Лигатура зажала сосуд. Она держалась. Кртек, подождав немного, начал потихоньку ослаблять зажим. Все было хорошо. Под перевязанной петлей уже не выступило ни единой капли крови.
Зита под маской сияла. Итка в своих неуклюжих бахилах медленно побрела в угол, к анестезиологам, и опустилась на табурет. Я не заметил, что в операционной топчется теперь среди нас и практикант Велецкий. Немного посмотрев на происходящее, он просто и доброжелательно спросил:
— Вы думаете, теперь это будет держать, пан профессор?

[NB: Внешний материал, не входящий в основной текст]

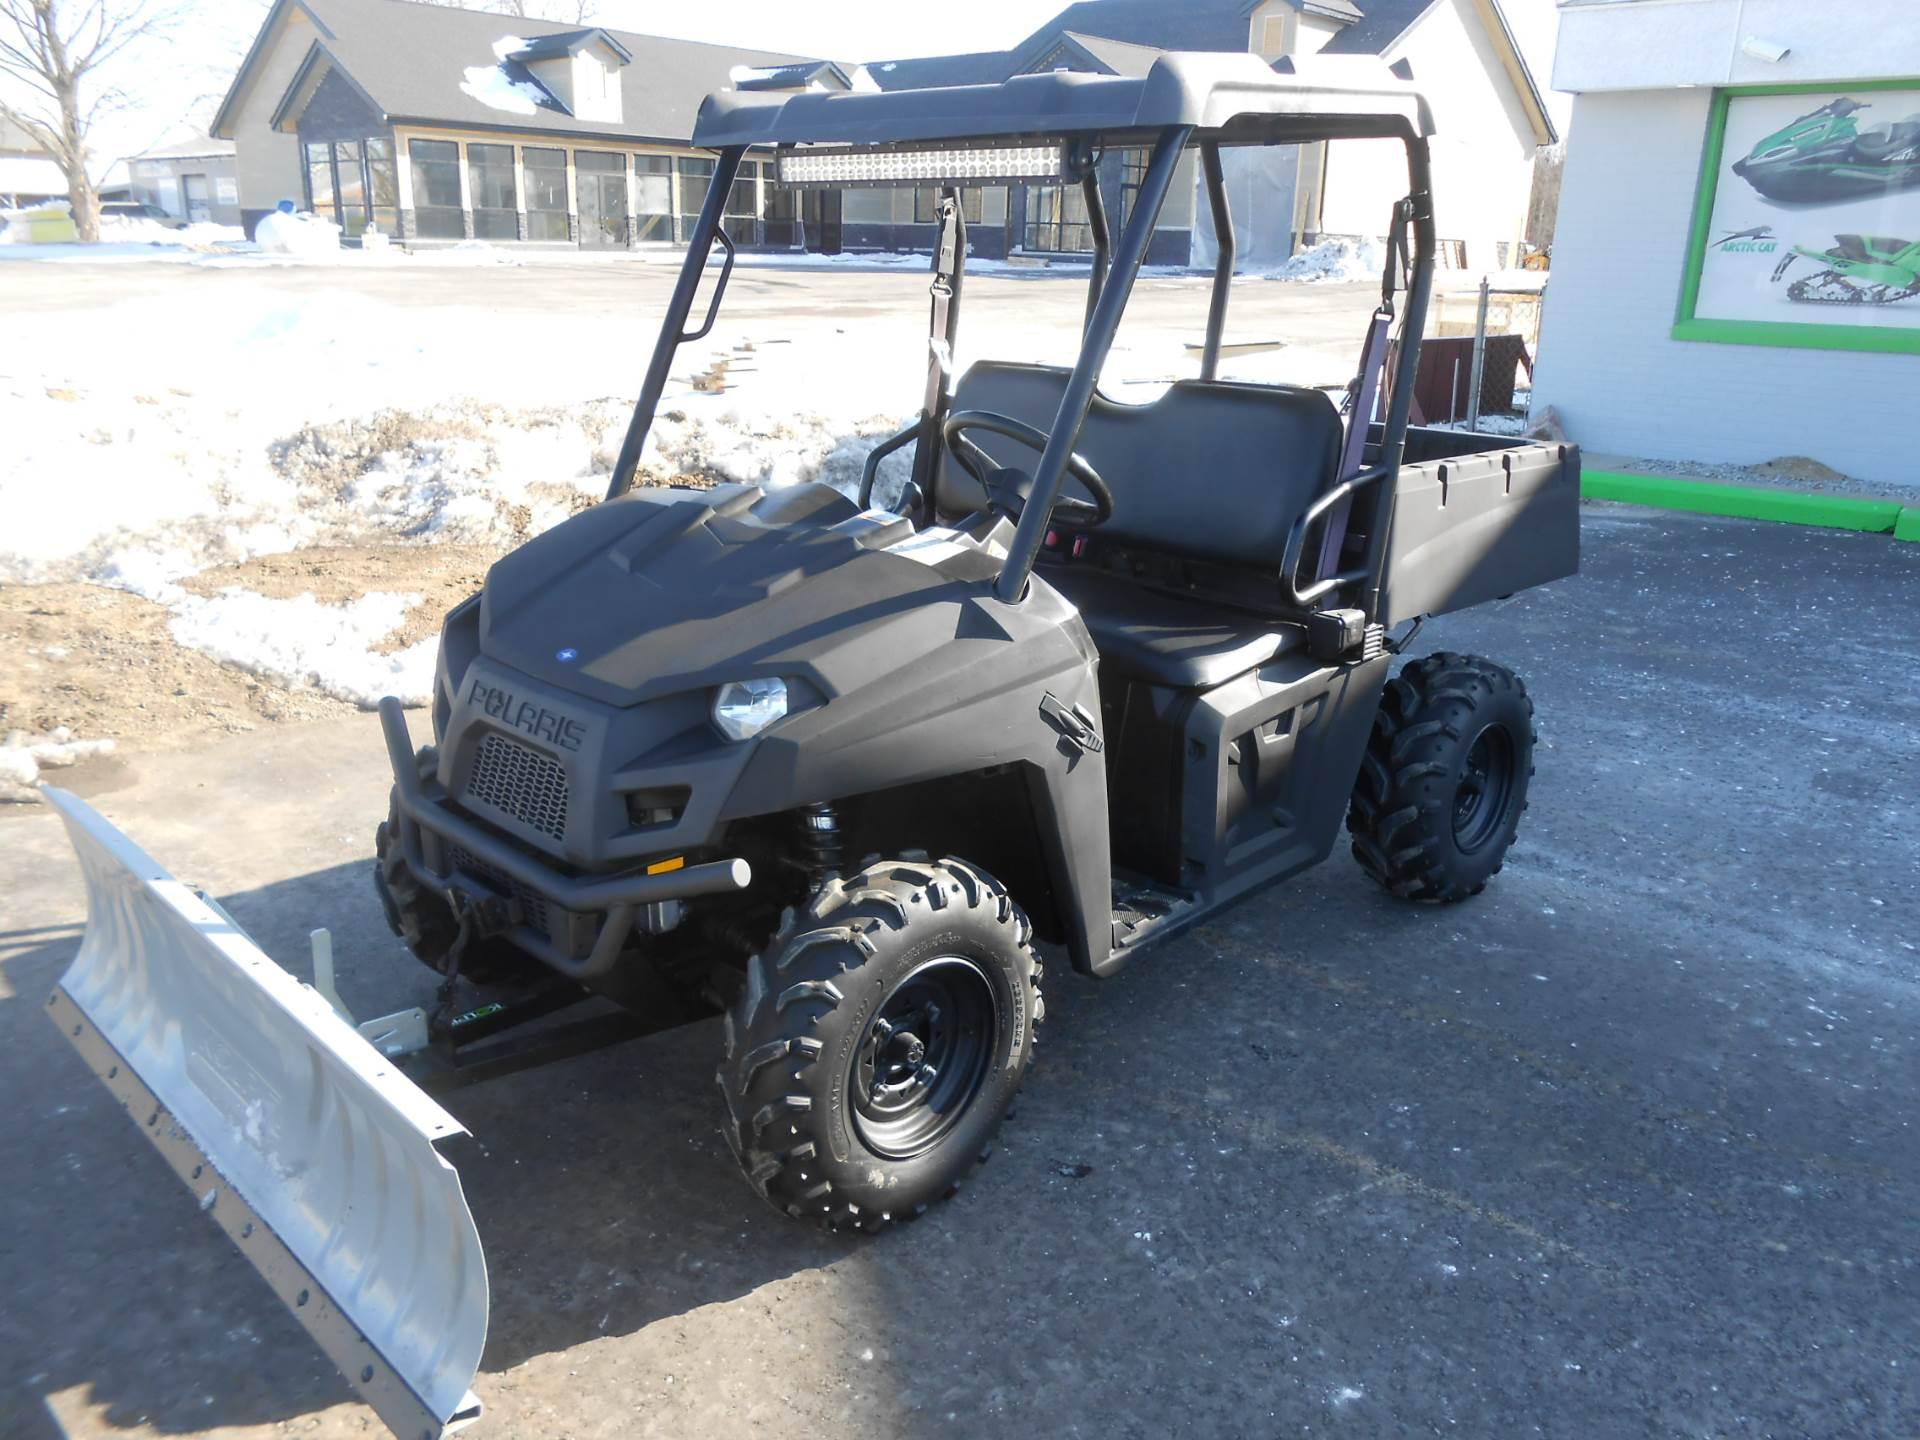 2014 Ranger 570 EFI

Все замерли. Бедняга Велецкий не понял, что для такого вопроса момент выбрал самый неподходящий. Скорей всего, хотел сказать приятное. Гладка с укором посмотрела на него, тихонько покачала головой и неожиданно тонким голоском сказала:
— Какой ты все же идиот, Велецкий!
Я совершенно некстати рассмеялся.
— Да, полагаю, теперь уже будет, — сказал я, все еще смеясь, потому что горло мне сжало другое чувство.
— А почему бы, собственно, и нет, коллега? — повторил я, борясь с какой-то накатившей на меня горячей волной. Митя, ох, окаянный ты, несправедливый Митя! Теперь по крайней мере ты мне отплатил сполна. И вот ты преспокойно спишь и не подозреваешь даже, что мы здесь сейчас пережили.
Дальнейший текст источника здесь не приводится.